Paradoxes exist for a reason, and this one probably leads to good outcomes as well.  What is needed, at least in the hear term, is more attentiveness and more imagination.  Look again at the photograph above.  One can see democratic deliberation, and also the frailty and mortality that is the core of our human condition.  One can see, in other words, not only a civic habit but also the fundamental purpose of government.

Note also how each of the individuals is in a defensive posture.  They are protective of themselves, and understandably so.  And keep in mind that none of the press reports defines the elderly in terms of experience or wisdom, but only in terms of the demographic power at the polls.  Given the lack of respect typical of a traditional society, they know that they have to mobilize according to shared interests.
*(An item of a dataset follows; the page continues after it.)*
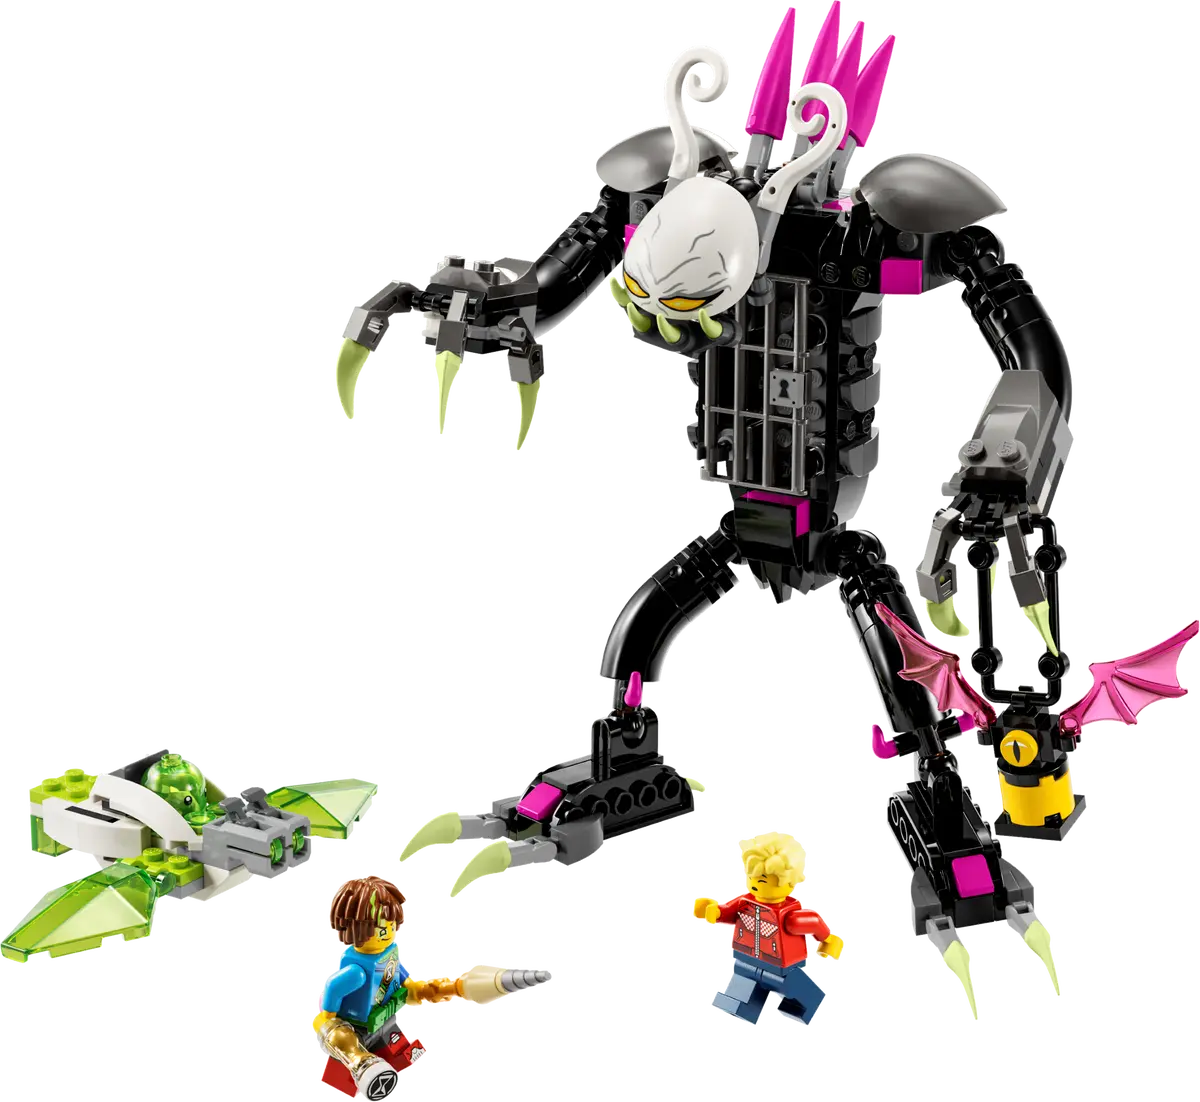 LEGO DREAMZZZ Monstruo de la Jaula 71455

What they, and we, must understand is that self interest can only be fully realized by taking care of others.  From that perspective, the problem is not that the elderly are in the picture, but that they are solely among themselves.  The better understanding will come not by carefully addressing their problems, but by putting those problems in a wider context, one that is at least wide enough to make the high costs of hypocrisy apparent to all.

Photograph by Alex Wong/Getty Images.


The Elderly Voter: More Health Insurance Than Sense?


1 Response

  1. They don’t want the government involved in Medicare! It already is, isn’t?

    It is interesting to think that this block, who utilizes Medicare, doesn’t want health care reform. I wonder if its because they want other younger groups to go through the same process as they have.